▶ [What you are asked to do]:
Extract each line of the records below that contains the word "with".

▶ [Information given]:
########
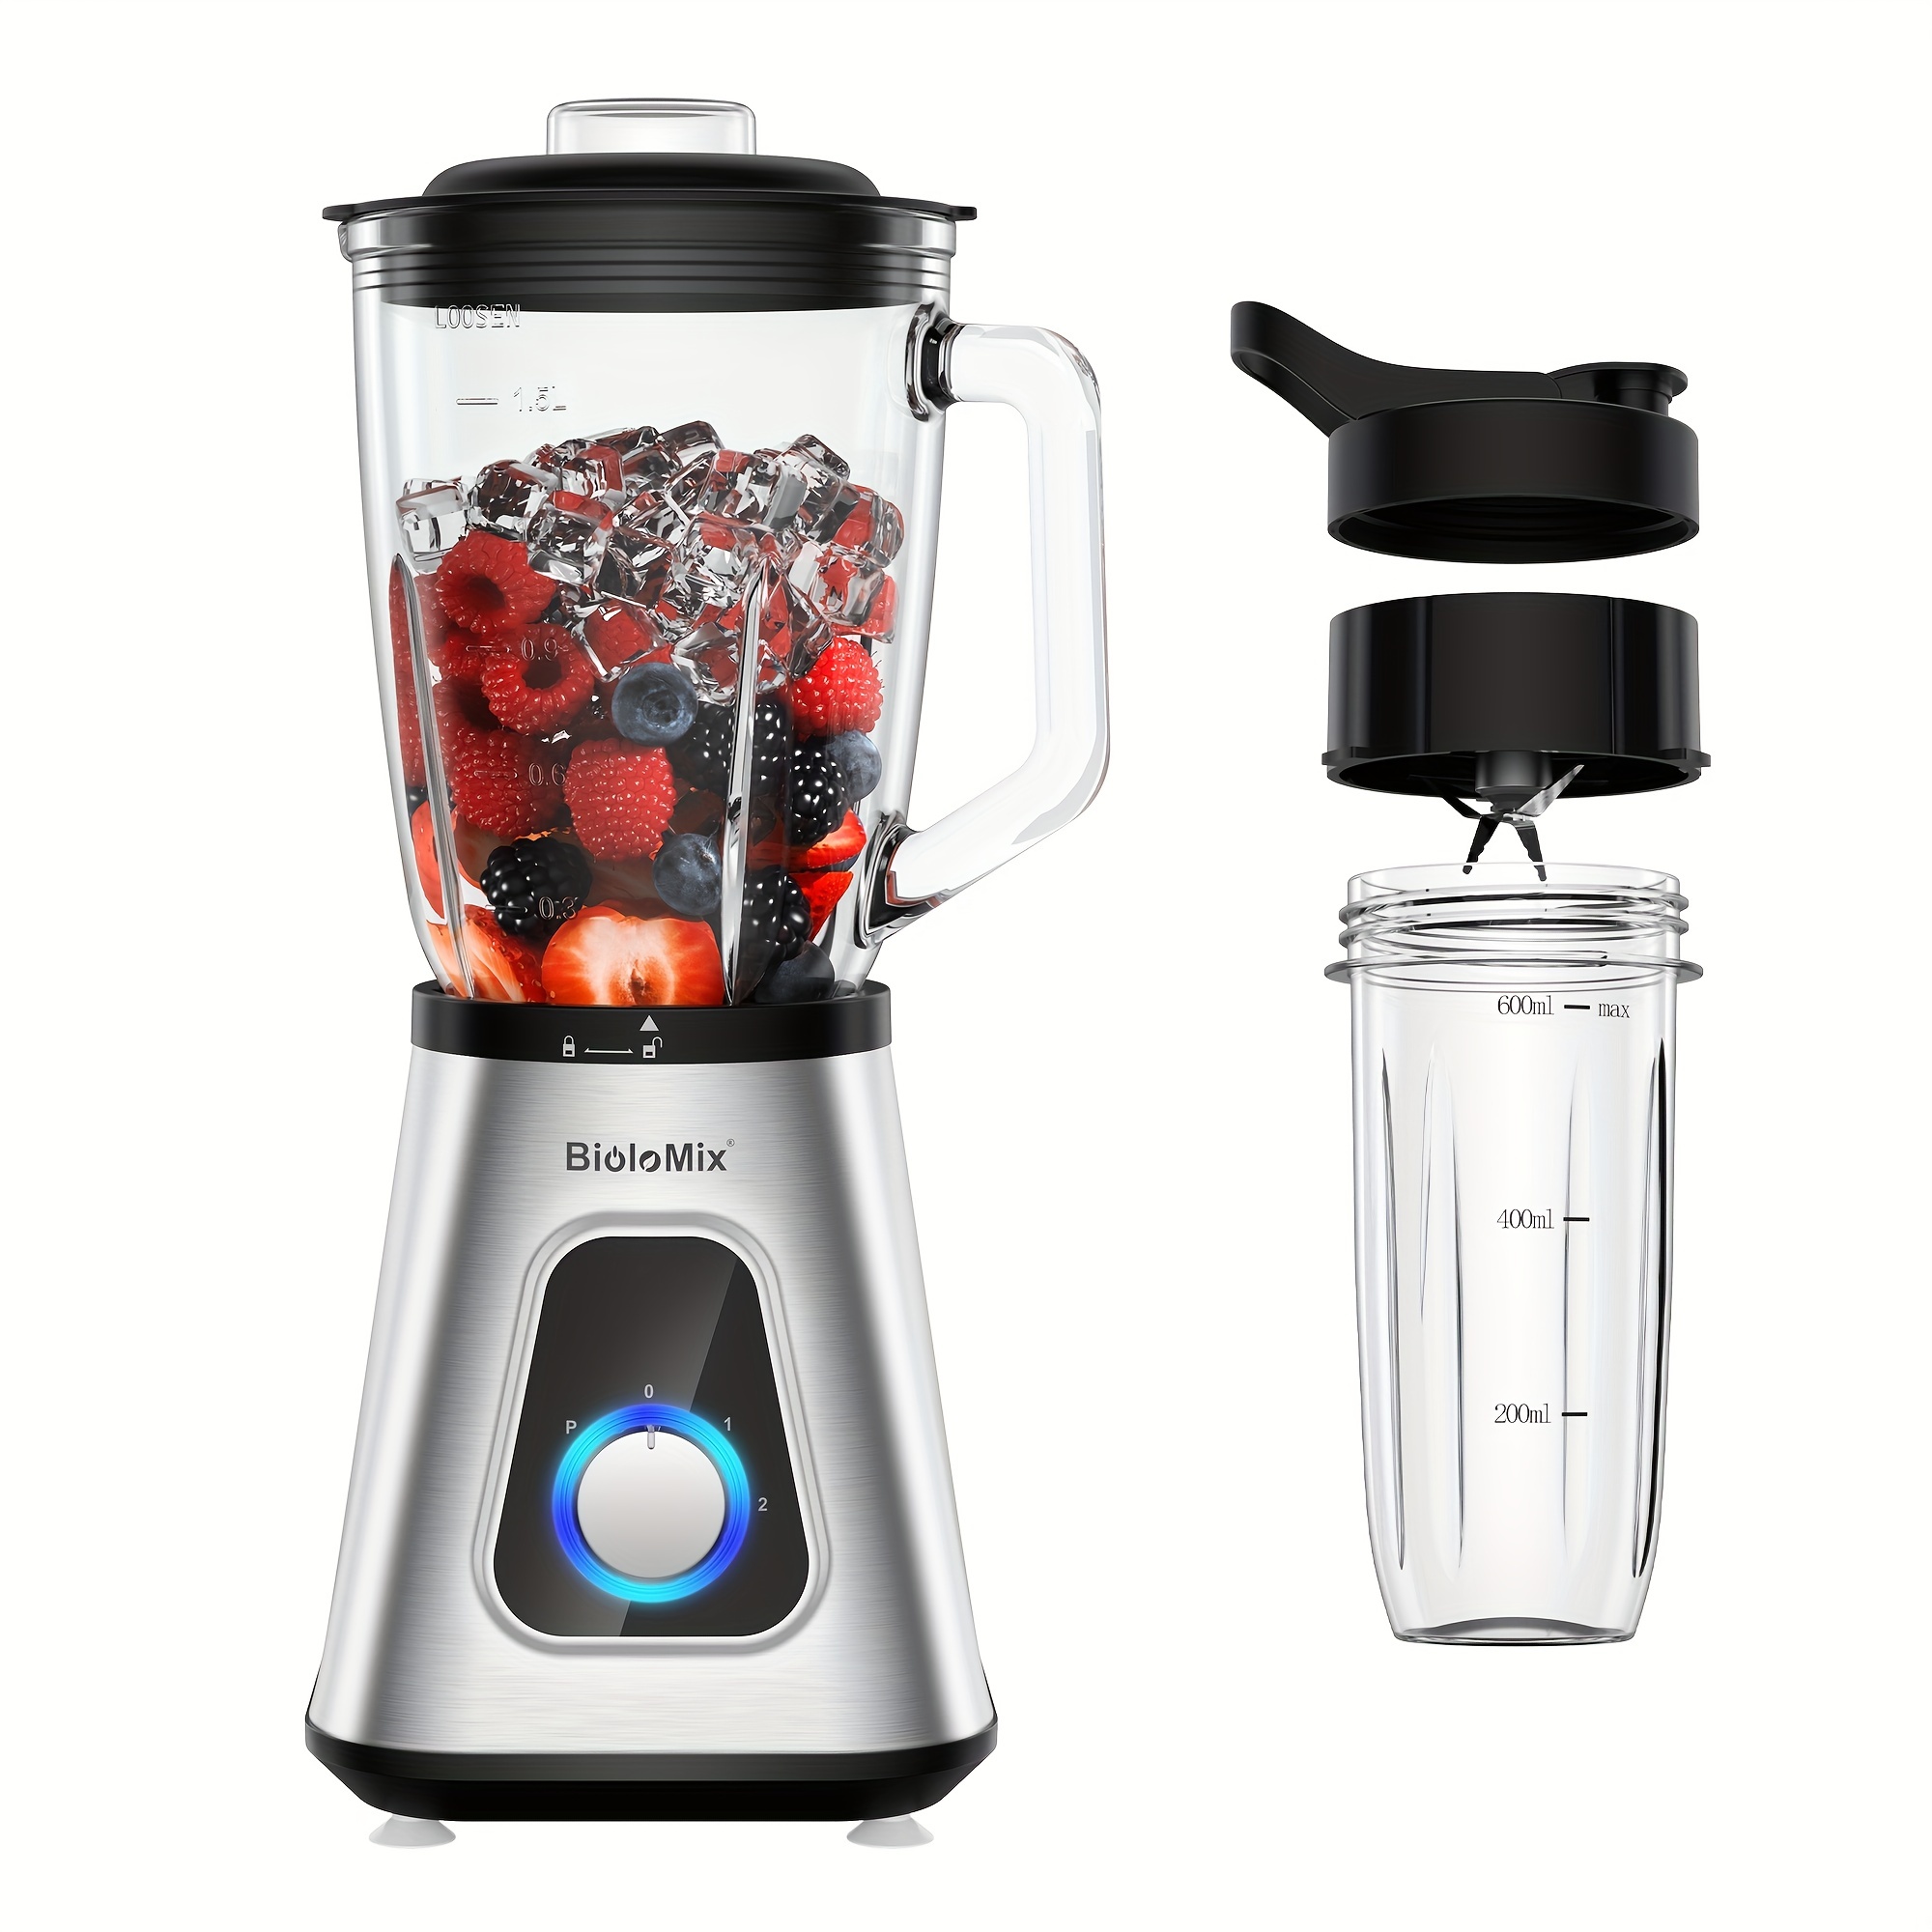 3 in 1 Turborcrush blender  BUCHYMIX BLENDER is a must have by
########
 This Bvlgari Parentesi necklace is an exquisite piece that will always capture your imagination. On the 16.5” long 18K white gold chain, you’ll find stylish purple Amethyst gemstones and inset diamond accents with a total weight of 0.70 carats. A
########
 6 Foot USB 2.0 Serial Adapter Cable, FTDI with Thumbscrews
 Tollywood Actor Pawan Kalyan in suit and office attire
########
▶ [Problem solution]:
 This Bvlgari Parentesi necklace is an exquisite piece that will always capture your imagination. On the 16.5” long 18K white gold chain, you’ll find stylish purple Amethyst gemstones and inset diamond accents with a total weight of 0.70 carats. A
 6 Foot USB 2.0 Serial Adapter Cable, FTDI with Thumbscrews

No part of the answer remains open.